LEIA GUO - EXPOSURE EMERGING PHOTOGRAPHERS SHOWCASE

“Somewhere in Nowhere” explores the feeling of hiraeth, a Welsh word that means a longing for a home that was lost or never existed. This sensation is felt when Leia travels through the landscape she grew up in. Liminal cloud formations, particularly Chinooks, became a fixation during the creation of these prints, as Leia attempts to recreate the skies she has seen in her memories over locations that bear resemblance to places she has loved for years.

This body of work includes 5 unique silver gelatin prints, displayed as a dyptic entitled “Chinook Series” and a tryptic, “Lost Series”. The artificial “Chinook arches” are created through the application of hand-blown glass plates during the printing process; a symbol of home and a gateway to fond childhood memories. In contrast, the landscape is mundane, consisting of views that cannot be traced back to a single location. By placing glass under the exposure machine, the image is distorted in a way that would not be possible through digital or analog double-exposure techniques. The process of photographing the landscape, returning to the hotshop to create specific glass “clouds”, and then exposing the print in the darkroom is an attempt to reconcile with fact that the landscapes she longs for only exist within memory. The finished photographs are “nowhere” places that are made “somewhere” by the desire of a homesick heart to find where it belongs.

BIOGRAPHY

Leia Guo is an interdisciplinary photographer and glass artist in her 5th year at AUArts. Since first picking up a camera in middle school, she has been drawn to the Albertan landscape she grew up in. Through countless trips in high school into the prairies, mountains, and foothills, Leia honed her photographic skills and fell in love with the beauty found in our unique spot in Southern Alberta. 

While she is officially registered as a BFA Glass major, Leia has spent her time throughout her undergraduate degree in both the hotshop and the darkroom, using her skills as a glassblower to complement her photographic work.
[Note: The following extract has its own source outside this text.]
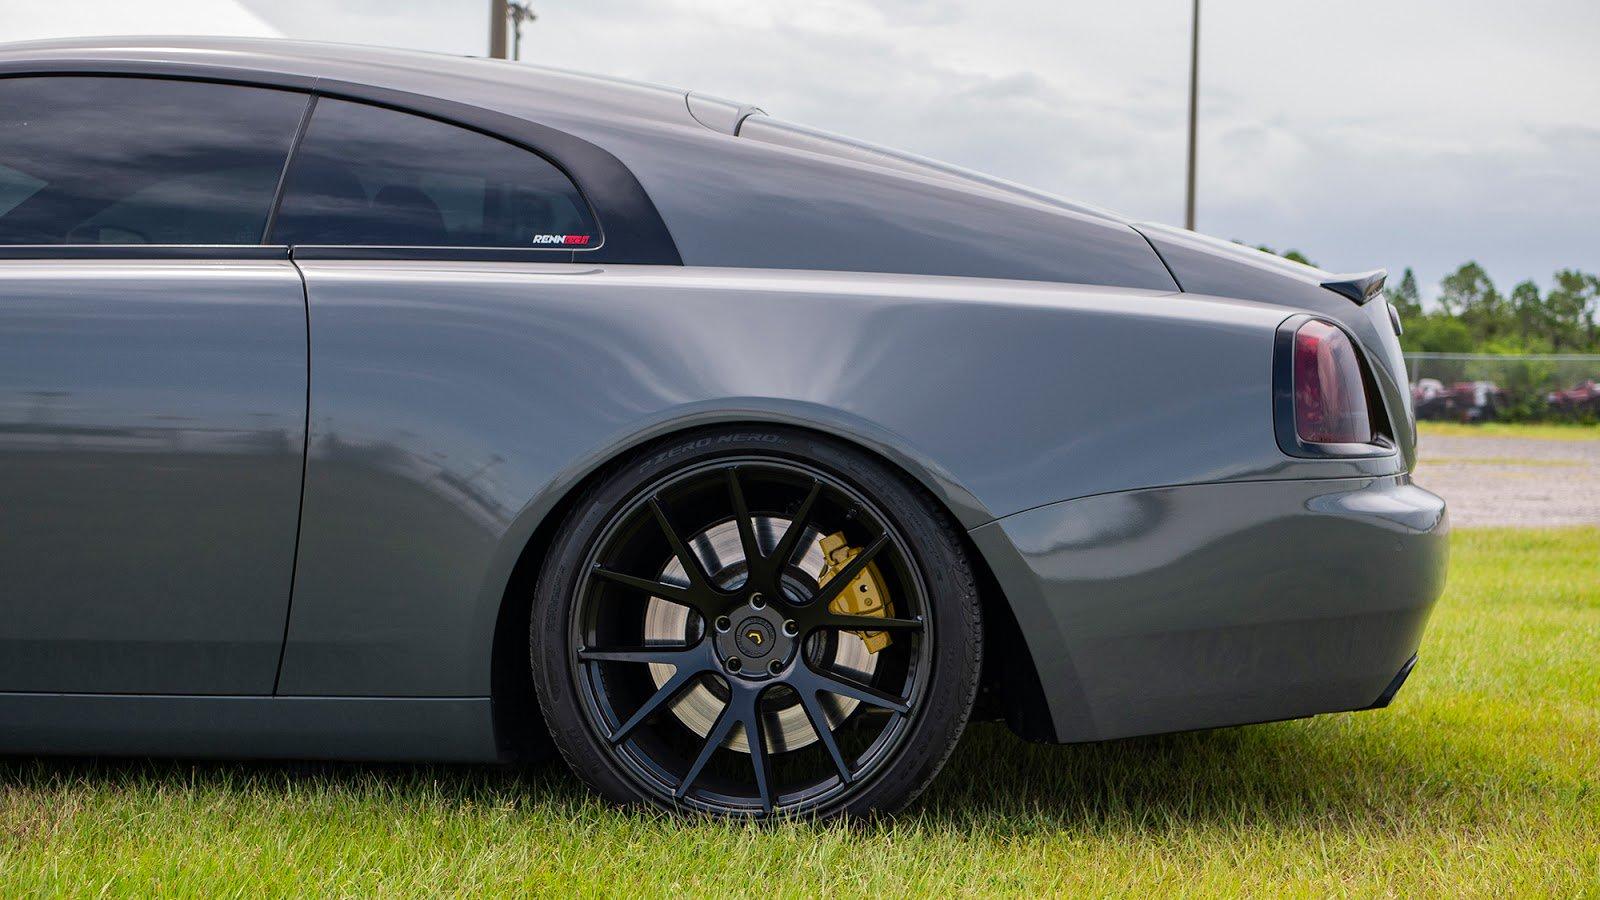 Rolls-Royce Wraith byRenntech (2)
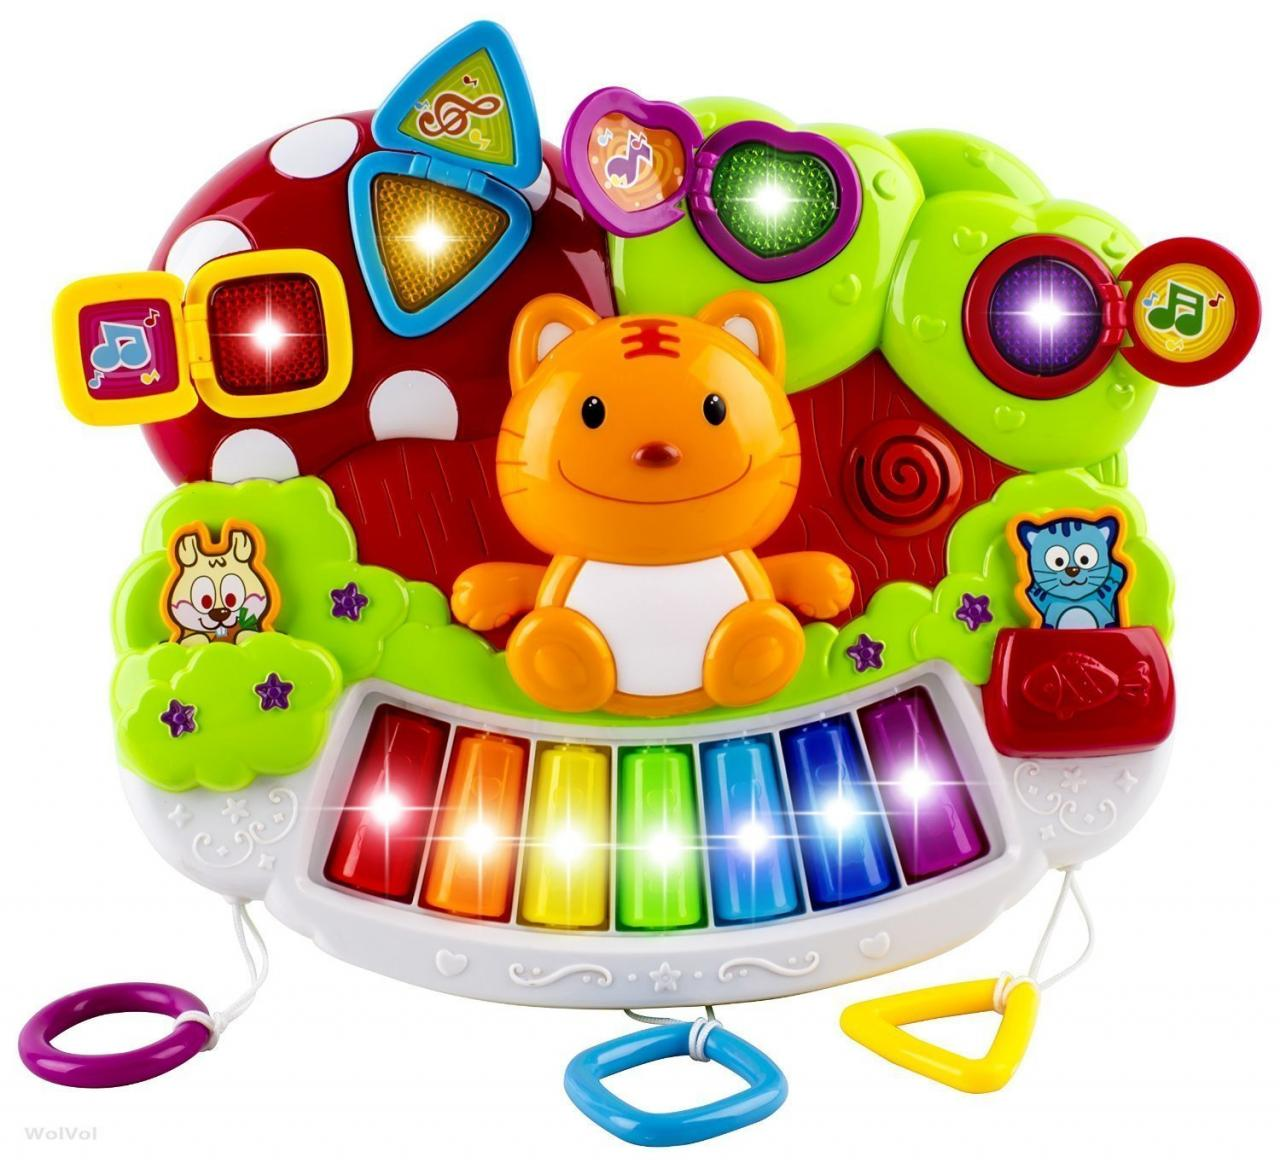 Amazon Toys 10 คีย์สินค้า ปี 2016 มีคนถามถึงสินค้ากลุ่มนี้? เลยจัดมาให้ คลิกกันเลย :)

Over the years, the glass forms she created in the hotshop evolved from being test subjects for learning studio lighting to unique light refracting tools in the darkroom for her silver gelatin prints, allowing her to break boundaries between her work as a craft artist and photographer. By using glass to manipulate light under an exposure machine, she can visualize the intangible, the liminal, and the sublime in her landscapes, resulting in unique prints where glass is not just an addition, but an essential collaborator.

Right now, Leia is pursuing a self-directed residency sponsored by AUArts to continue exploring various ways of incorporating glass into photographic practices, including using glass as both canvas and light manipulator. Her work has been exhibited by the Marion Nicoll Gallery, the Glass Art Society, and is currently exhibiting at the Alberta Craft Council’s “Coming Up Next” show.